その子とは付き合って2年くらいは経っていたので、お互い気心はよく知れていた。

ある時、お腹が空いたので、ちょうどその時にいた駅ビルのラーメン屋に入ろうと誘った。

彼女は何も食べたくないからと入ることを嫌がったが、

私は空腹でたまらなかったので、しつこく説得した。

そんなに言うならば自分はジュースだけでいいからと、

どうにか承諾してくれて、やっと入ることにした。

私達はラーメン屋によく見られる店内中央の大きな円卓に並んで腰かけた。

そこで、私はラーメンと半餃子を、彼女はジュースを頼んだ。

ちなみに普通の餃子は6個なのだが、半餃子はその半分ということで3個である。

料理が運ばれてきた。

空腹の私は箸を割って、早速食べようとした。

すると、実際に料理が目の前に置かれて、急に食欲が湧いたのであろう、

彼女が半餃子を食べていいかと訊いてきたのである。

本当は涎が出るほど食べたかったのだが、

女の子にそう言われて、駄目だと答える男はいない。

というわけで、何も食べたくないと言っていたではないかと内心思いながらも、

いいよと答えた。

彼女はペロリと餃子3個を平らげた。

その後で、私に向かって「もう一つ頼んでいい?」と言った。

私が注文した餃子を自分が食べてしまったのを悪く思って、

私のために頼んでくれるつもりらしい。

何と気の利いたいい子なのであろう。

私は心の内では感動しながら、素っ気なく「いいよ」と答えた。

暫くして、新しく半餃子が来た。

彼女の心配りとおいしそうな餃子とにうれしく思いながら、

食べようかと思ったところ、その皿に箸が伸びてきたので吃驚した。

彼女は何のためらいもなく、新しく来た餃子3個を次々に口の中に運んで行くではないか。

行き場を失った私の箸は宙にとどまり、私はただただ消えていく餃子を見守るばかりであった。



その後、私達はどうなったか……。















結局、結婚した。

夫婦の間では、何年経っても必ず話題に上がる恨み事というのがあるが、これがその一つである。

さすがに最近は言うことはなくなったが、

その後や結婚した当初はこの件でよく恨み事を言ったものである。

妻は「だって、仕方がないじゃない。
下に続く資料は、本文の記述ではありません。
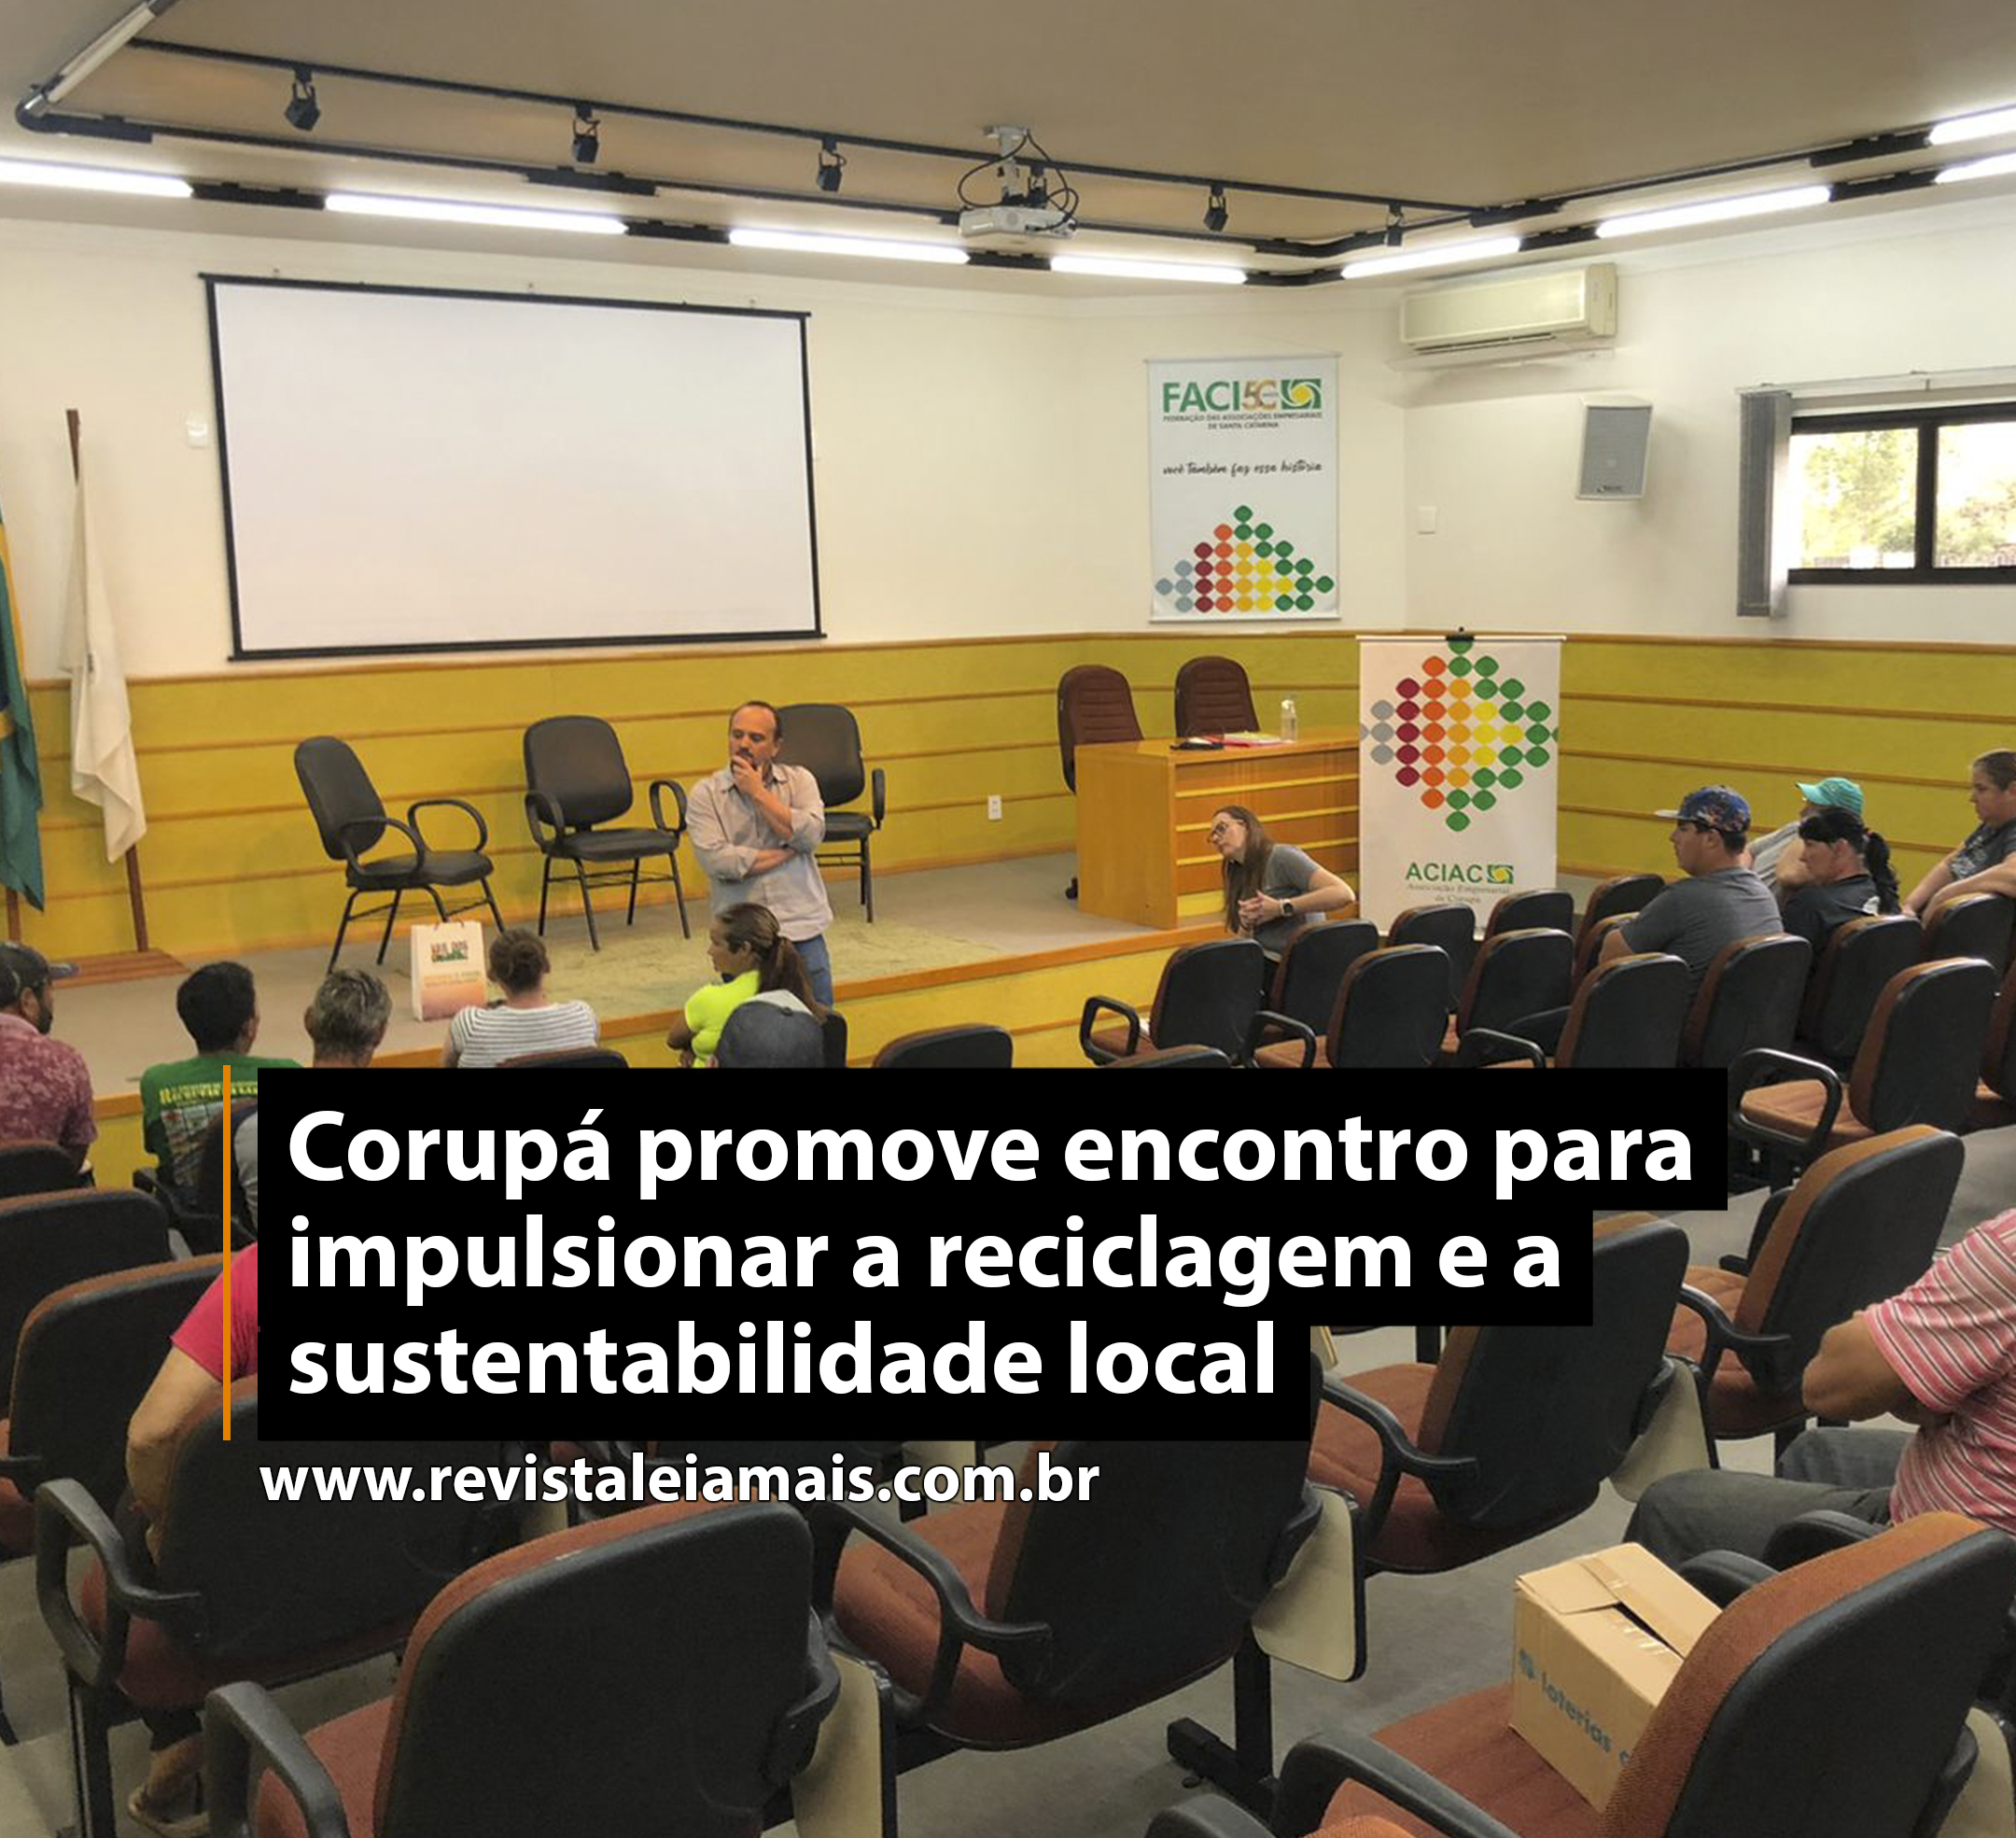 Corupá promove encontro para impulsionar a reciclagem e a sustentabilidade local

餃子を見たらお腹が空いちゃったんだから」と開き直る。

まあ、いいですよ。許してあげますよ。たかだか餃子のことだし。

でも、やはり時々話題に上げて、チクチク言いたくなってしまう。

食べ物の恨みはこわいとは本当のことである。

暫く忘れていたが、何故か急に思い出したので、書いてみた。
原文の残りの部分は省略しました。